Außerdem gibt es ja noch die Google API:
http://www.google.com/apis/

Gruß Tom


----------



## ToMeFox (23. März 2005)

*Hallo Thomas!*

*Danke erstmal!*

Das ist zwar nicht exakt das was ich wollte... aber es hilft zu verstehen. Ich frage mich nur welches Protokoll bzw. welches Skript verhindert das ich den HTML - Code auslesen kann... Warum muss ich dafür eine HttpURLConnection erstellen? Also muss ich mich auf der Serverseite quasi mit "Namen und Geschlecht" anmelden bevor der mir zeigt was er zu bieten hat? Ich dachte, dass das downloaden von HTML - Code immer möglich wäre. Naja... das macht auch mehr Sinn!

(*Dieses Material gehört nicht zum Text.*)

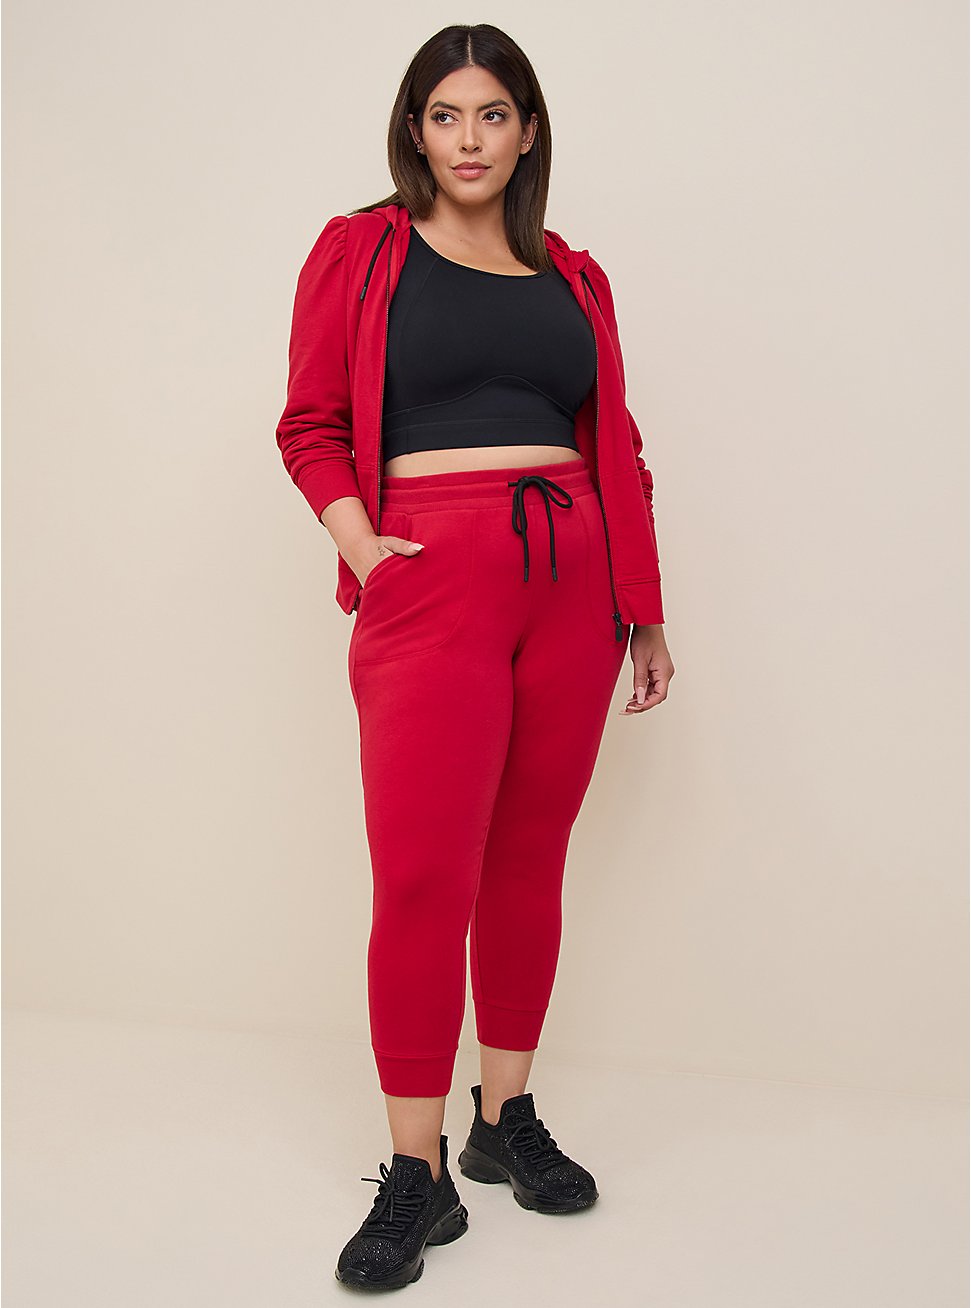 Everyday Fleece Crop Active Jogger In Classic Fit, JESTER RED, hi-res

Danke schön! Und ein großes Lob für die schnelle Beantwortung!


----------



## Thomas Darimont (23. März 2005)

Hallo!

Du wolltest ja nicht nur eine Seite auslesen sondern eine Anfrage an Google senden, dann musst du das (IMHO) so machen wie gezeigt.
HttpURLConection explizit zu verwenden war eigentlich gar nicht nötig... hab wahrscheinlich damit ein wenig herumprobiert und das ganze einfach so stehen lassen...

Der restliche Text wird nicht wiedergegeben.